CUFFT with double precision

Question

I am experiencing some problems with CUDAs FFT library.

I declared the inputs as cuDoubleComplex, but the compiler returns the error that this type is incompatible with parameters of type cufftComplex. After some search through the Internet, I found the file cufft.h, in which there is the line typedef cuComplex cufftComplex; . My problem is that in the library cuComplex.h it is clear that cuComplex has a single floating point precision ( typedef cuFloatComplex cuComplex; ), but I would like a double precision.

Is this possible?

In particular, I obtain the following:

error: argument of type "cufftDoubleComplex *" is incompatible with parameter of type "cufftComplex *"

at this line:

cufftExecC2C(plan, data1, data2, CUFFT_FORWARD);

Answer 1

The double precision complex data type is defined as cufftDoubleComplex in CUFFT.
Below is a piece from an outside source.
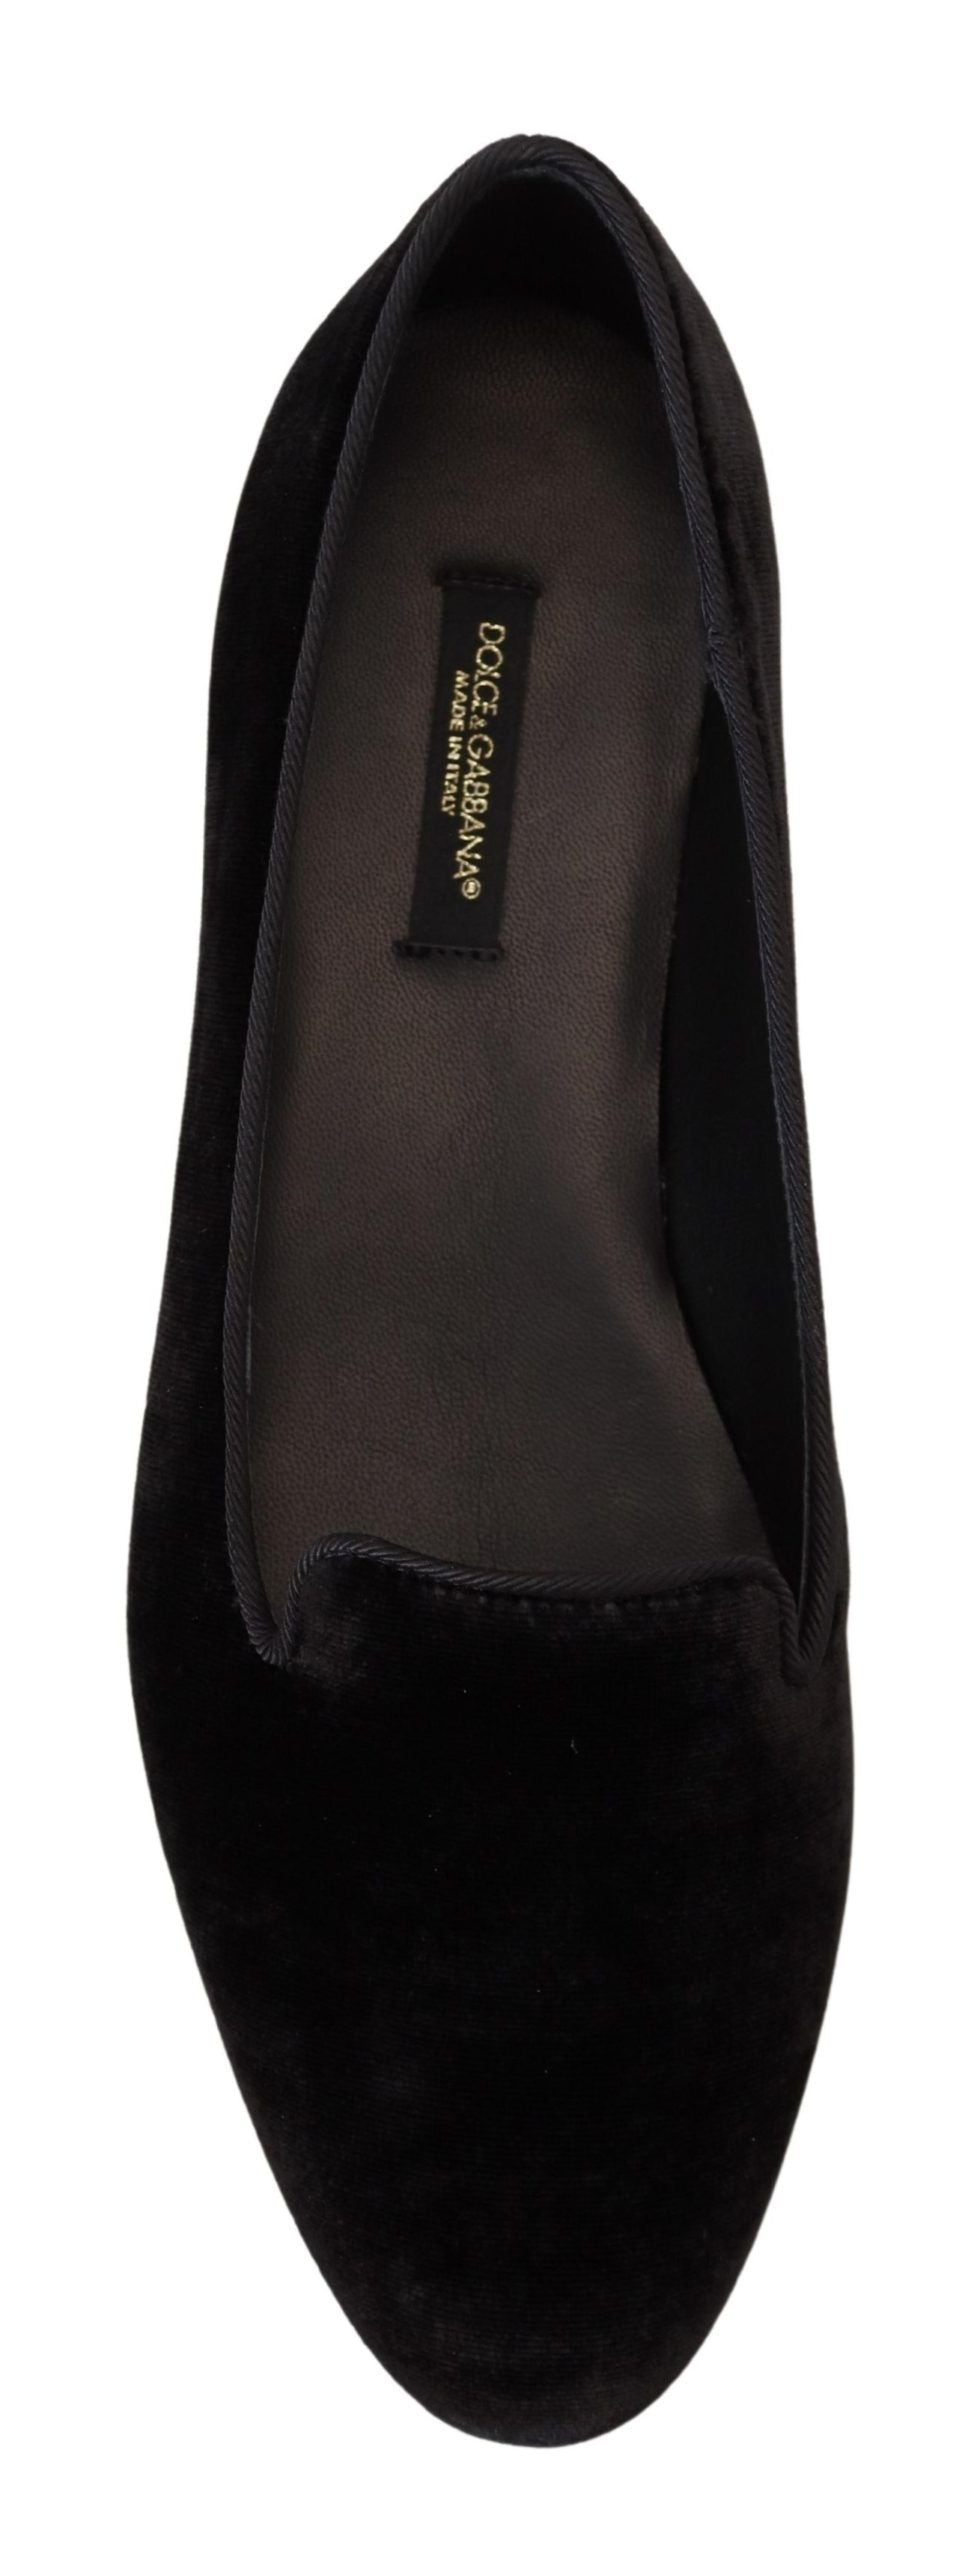 Elegant Black Silk-Blend Loafers

Double precision versions of fft in CUFFT are:

cufftExecD2Z() //Real To Complex

cufftExecZ2D() //Complex To Real

cufftExecZ2Z() //Complex To Complex

cufftExecC2C is the single precision version of fft, and expects the input and output pointers to be of type cufftComplex ,whereas you are passing it a pointer of type cufftDoubleComplex .

For cufftDoubleComplex data type, you have to use the function cufftExecZ2Z instead, which is for double precision data.